AlertManager When to Alert

When using Prometheus for monitoring, alerting is done through AlertManager, but there are many people who are confused about the configuration related to alerting and are not quite sure when exactly it will be done. Here we will briefly introduce a few confusing parameters in AlertManager.

First of all, there are two global parameters scrape_interval and evaluation_interval in Prometheus. The scrape_interval parameter represents the time interval at which Prometheus grabs metrics data from various metrics interfaces, and the evaluation_interval parameter represents the time interval at which Prometheus calculates the evaluation of an alarm rule.

When an alarm rule is evaluated, its status may be one of inactive, pending, or firing. After evaluation, the status is sent to the associated AlertManager to potentially start or stop the delivery of alert notifications.

This is where the group_by parameter configured in the AlertManager comes into play. To avoid sending similar alert notifications in succession, related alerts can be grouped into the same group for alerting. In some cases, such as when a large number of alarms are triggered at the same time due to system downtime, the grouping mechanism can combine these triggered alarms into a single alert notification to avoid receiving a large number of alerts at once.

`1`	`group_by: ['alertname', 'job']`

When a new alarm group is created, it needs to wait at least group_wait to initialize the alarms.

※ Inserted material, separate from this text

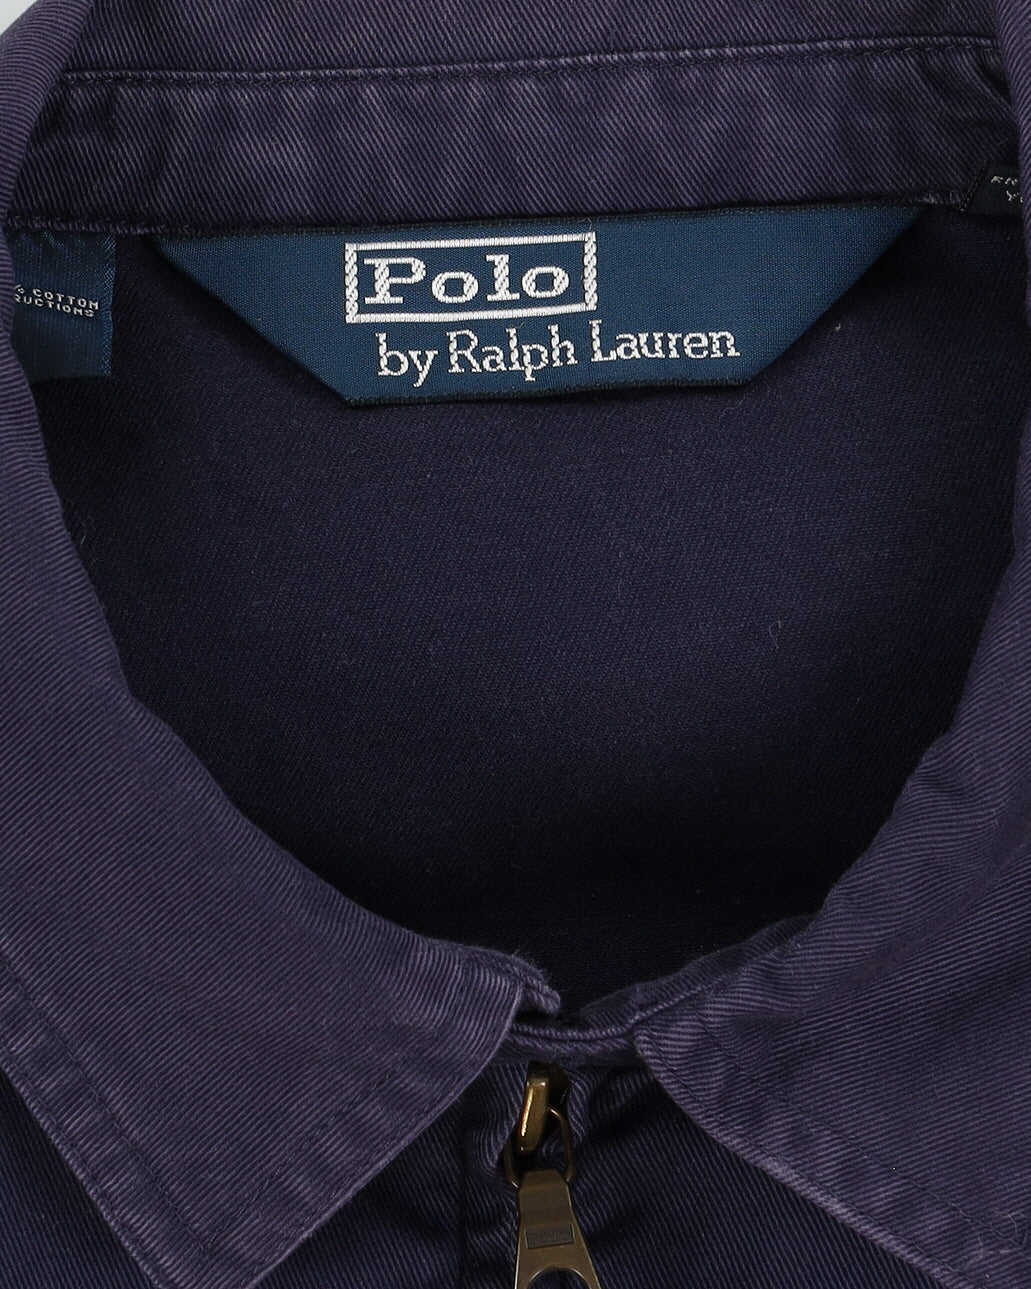 Vintage 90s Ralph Lauren Harrington Jacket - M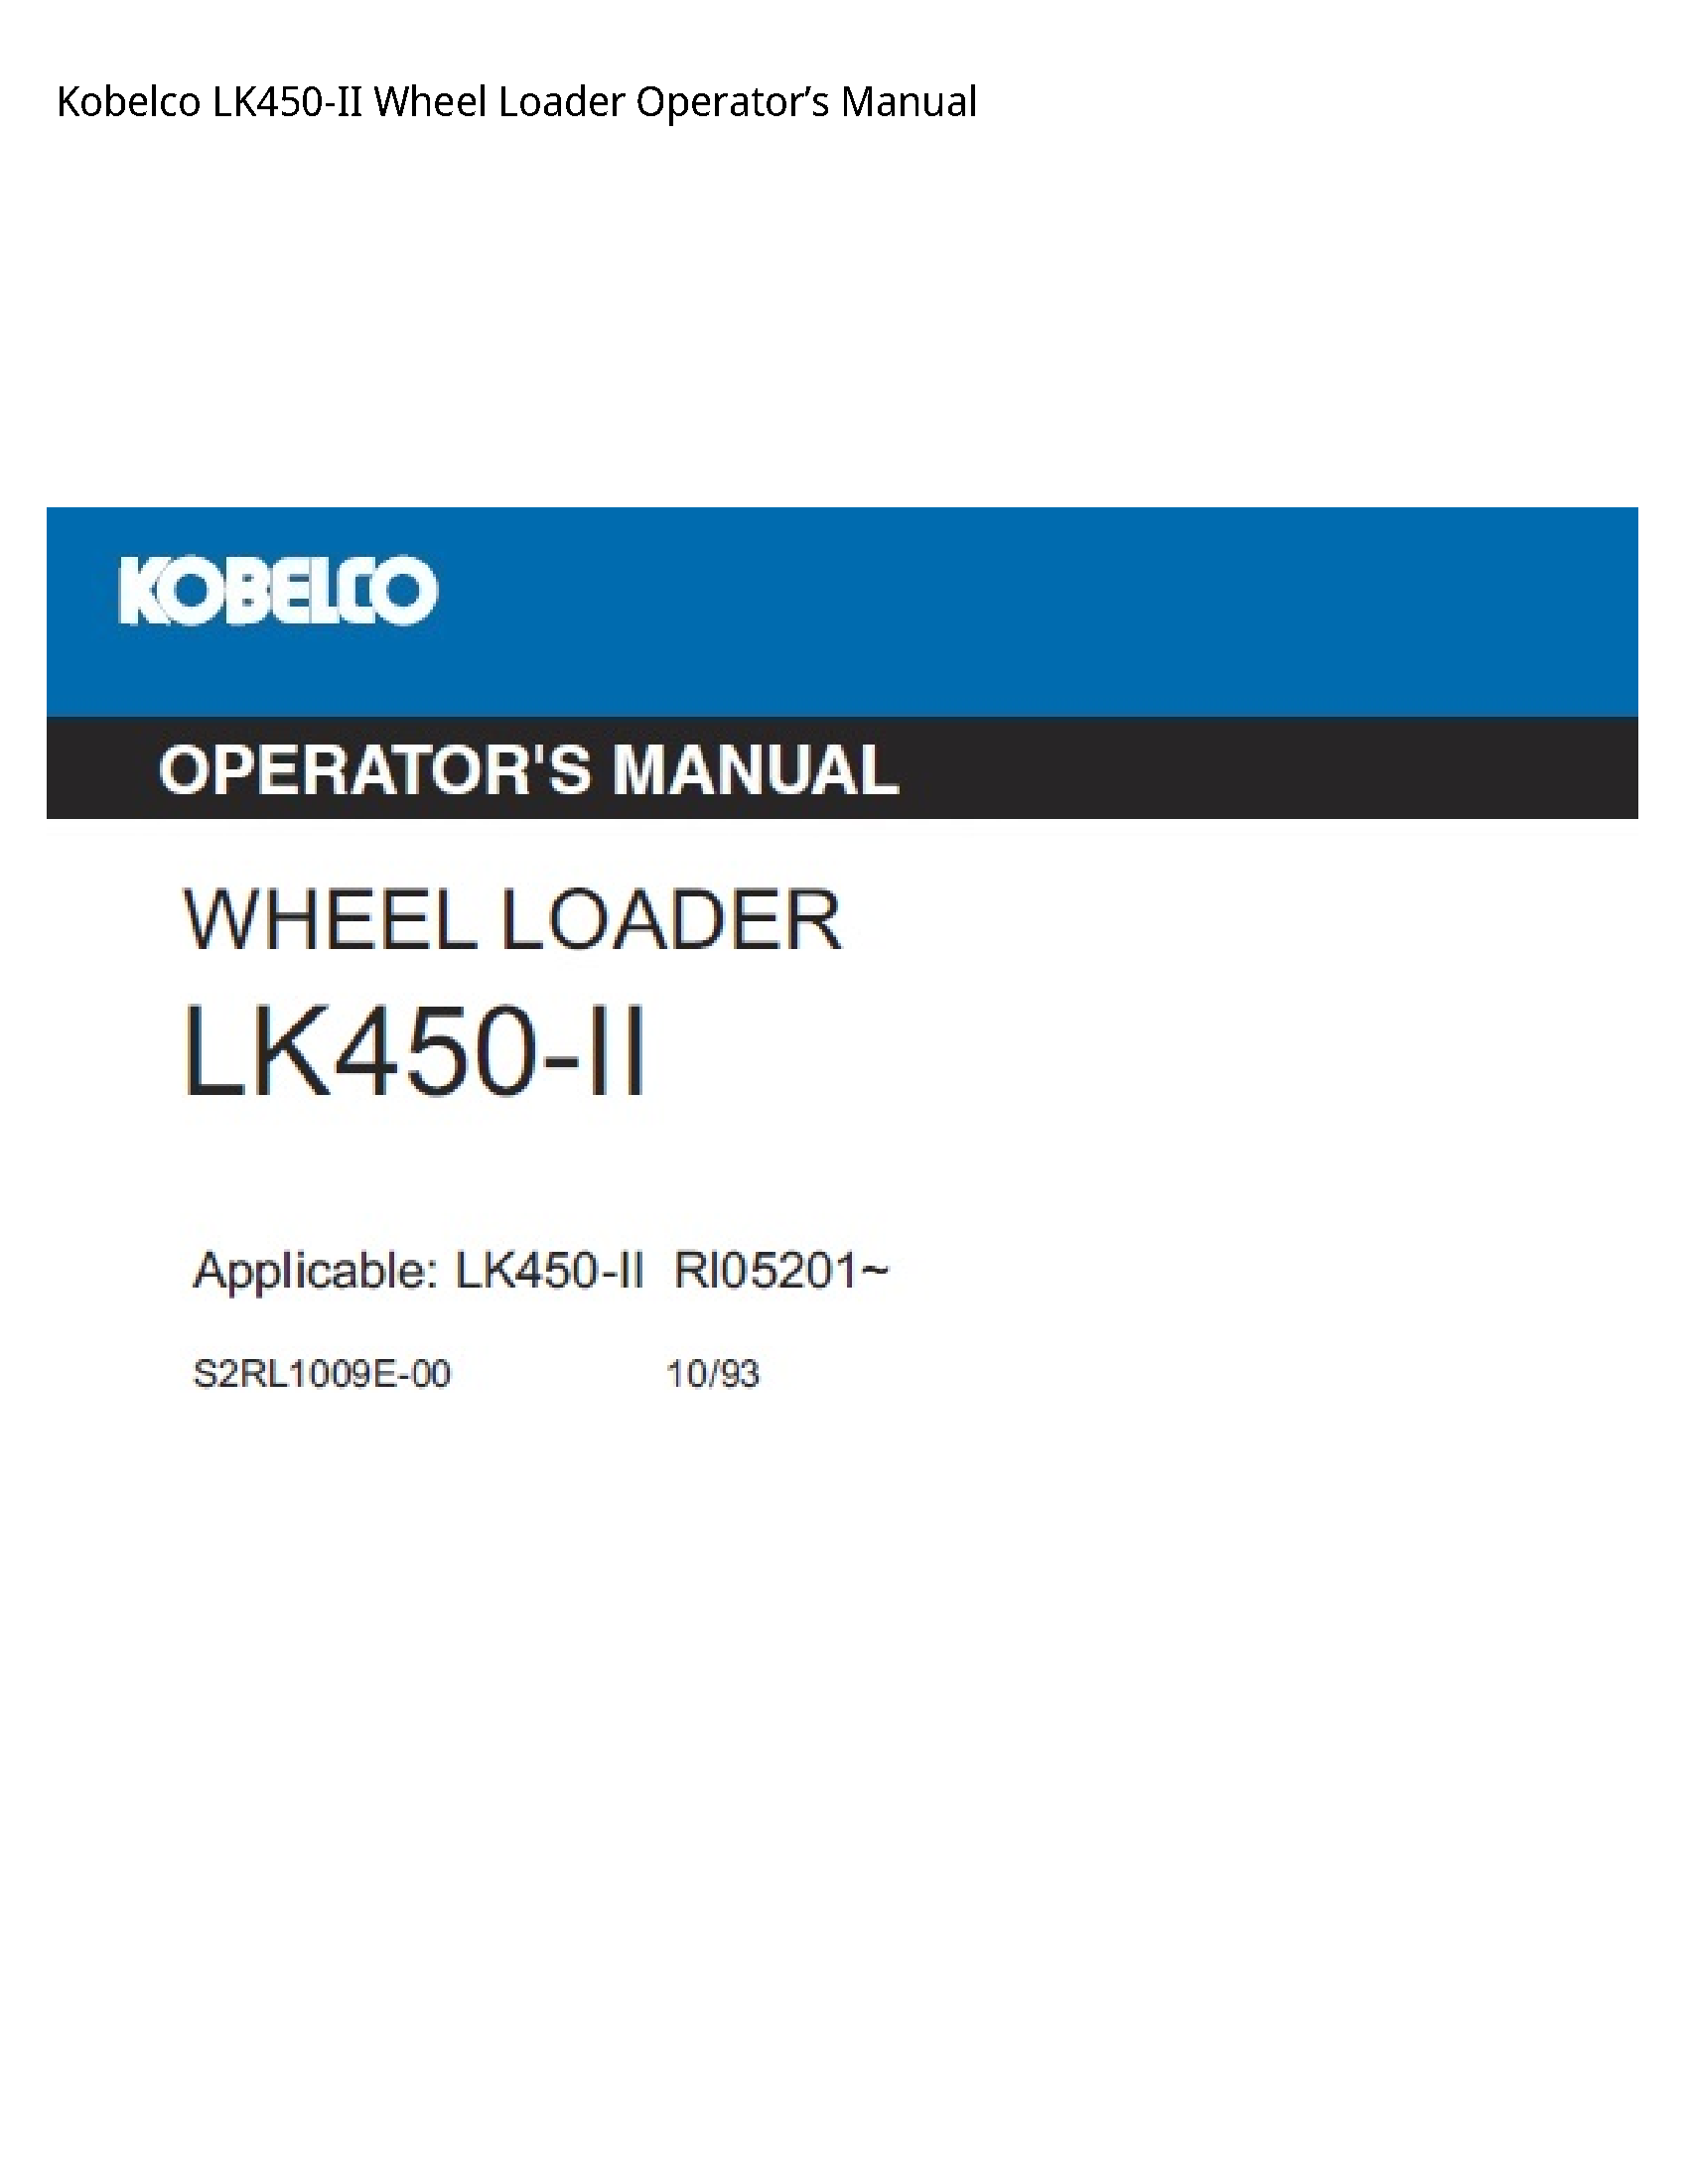 Kobelco LK450-II Wheel Loader Operator’s manual

This effectively buffers the alerts sent from Prometheus to AlertManager by grouping them under the same label instead of sending them all.

1
2

group_by: ['alertname', 'job']
group_wait: 45s # 通常设置成0s ~ 几分钟

But this may also lead to longer waiting time for incoming alert notifications. Another problem is that the next time we evaluate an alarm rule, we will receive the same group alarm notification again, and we can use the group_interval parameter to configure that after the last alarm notification is sent to a group, we wait for the group_interval time before sending the triggered alarm and the resolved alarm to the receiver. resolved alarms to the receiver.

1
2
3

group_by: ['instance', 'job']
group_wait: 45s
group_interval: 10m # 通常设置成5分钟以上

In addition there is a repeat_interval parameter, this parameter is mainly used to configure the alarm information has been sent successfully, and then triggered to send the time interval, generally different types of alarm business to change the parameter configuration is not quite the same, for the more important and urgent can be set to change the parameter slightly smaller, for less urgent can be set slightly larger.

These are some of the global parameters configured in Prometheus or AlertManager, for specific alert rules there is still time to configure, as shown in the following alert rules.

groups:
- name: test-node-mem
  rules:
  - alert: NodeMemoryUsage
    expr: (node_memory_MemTotal_bytes - (node_memory_MemFree_bytes + node_memory_Buffers_bytes + node_memory_Cached_bytes)) / node_memory_MemTotal_bytes * 100 > 90
    for: 1m
    labels:
      team: node
    annotations:
      summary: "{{$labels.instance}}: High Memory usage detected"
        description: "{{$labels.instance}}: Memory usage is above 90% (current value is: {{ $value }}"

Above we have defined a grouping of alarm rules named test-node-mem, an alarm rule consists of the following parts.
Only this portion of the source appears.